『如果章节错误,点此举报』京海市政府小会议室,气氛比窗外的春寒更加凝重。
椭圆形的会议桌旁,坐着分管工业的常务副市长李国栋、市劳动局局长孙为民、民政局局长周海霞、信访办主任王强、市政法委副书记兼维稳办主任郑向东等人分坐。
主位上坐着的,是刚刚在年前市人代会上当选、去掉了“代”字的市长林曦。
他面容沉静,目光扫过手中那份厚厚的、按着各种颜色手印和印章的信访材料汇总,最终停留在“棉纺三厂”、“毛纺厂”这几个字眼上。

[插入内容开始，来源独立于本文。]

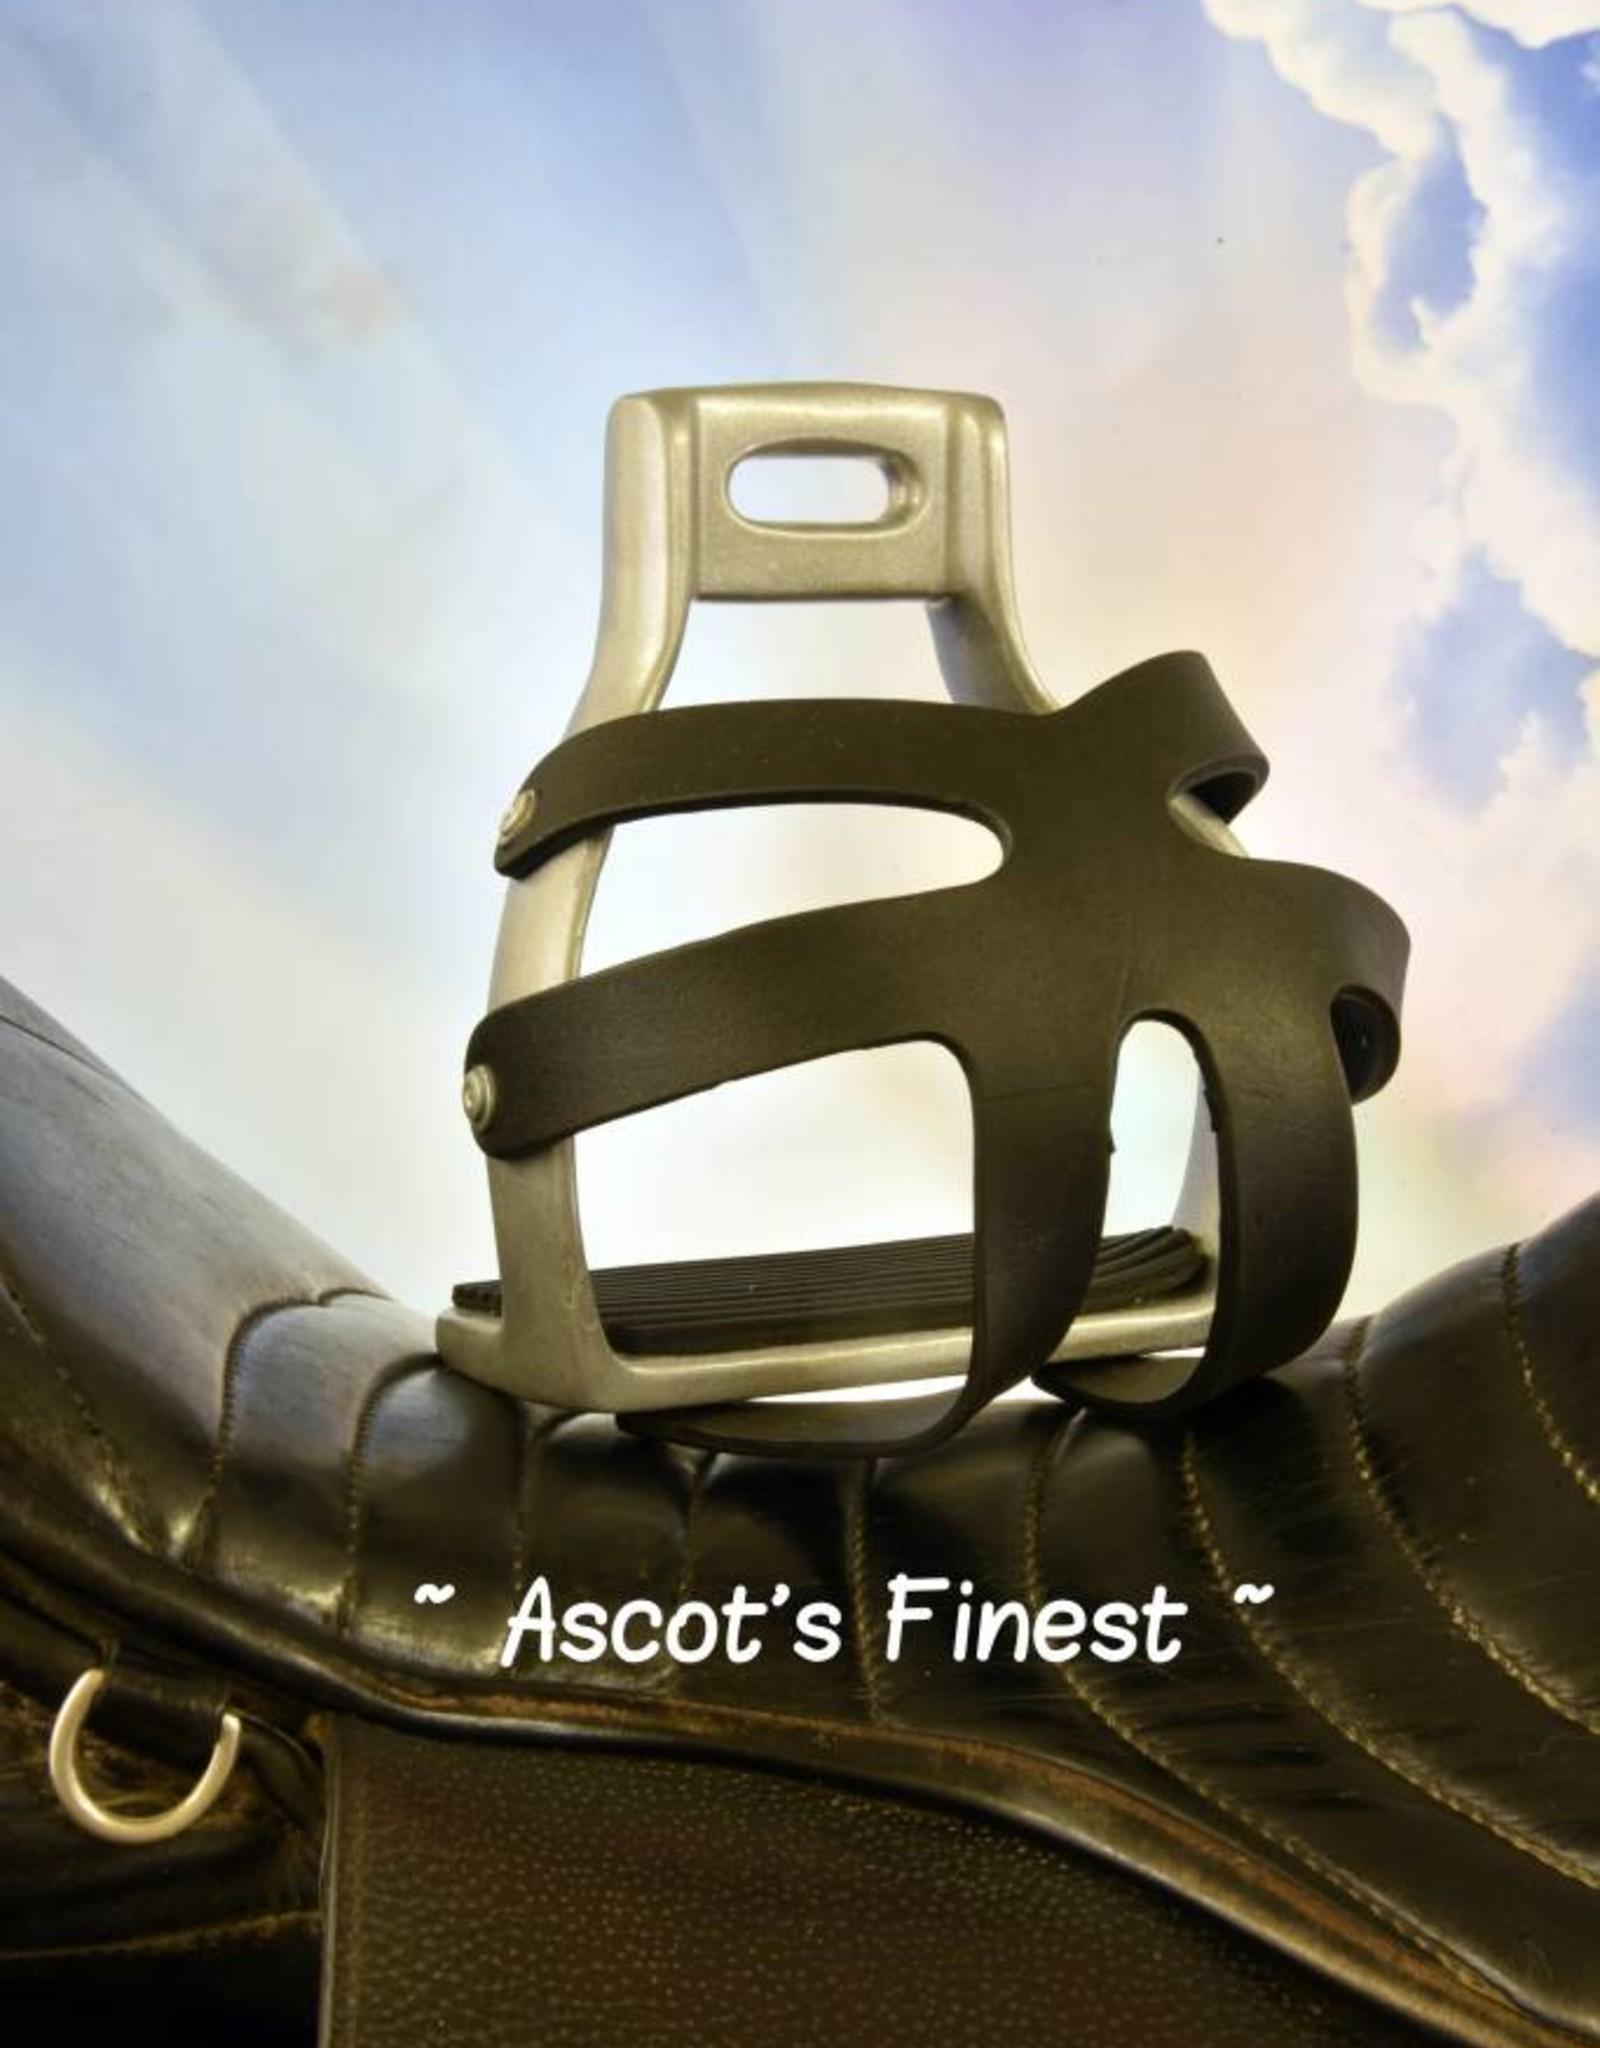 Ascot's Finest Cross stijgbuegels

“情况大家都清楚了,” 林曦放下材料,声音不高,却带着一种清晰的穿透力。
“职工要吃饭,要活路,这是最基本、最合理的要求。
我们的国企改革,决不能改得职工没了饭碗,改得社会失了稳定。”
“都说说吧,棉纺三厂、毛纺厂,还有这几个厂子,”
林曦的声音不高,却清晰地在寂静的会议室里回荡,他修长的手指点了点材料上那几个被红笔圈出的名字。
“职工的情绪到底到什么程度了?
最迫切的诉求是什么?
我们手里,现在到底有多少牌可以打?”
常务副市长李国栋清了清嗓子,率先开口,声音带着沙哑:“林市长,情况……很严峻。
尤其是棉纺三厂,账面资产严重不抵债,几家有意向的重组方。
包括省里的纺织集团和一家外地的民营企业,都卡在职工安置成本上。
全厂在册职工1864人,离退休人员832人。
初步估算,仅经济补偿金一项就需要至少四千五百万,这还不算拖欠的工资、社保和医疗费。
市财政……”
他苦涩地摇摇头。
“市财政的情况您可能刚到,不太清楚,根本兜不住。
工人们这个月已经到市府门口聚集三次了,昨天有消息说,他们准备组织人,下周去省里,甚至……进京。”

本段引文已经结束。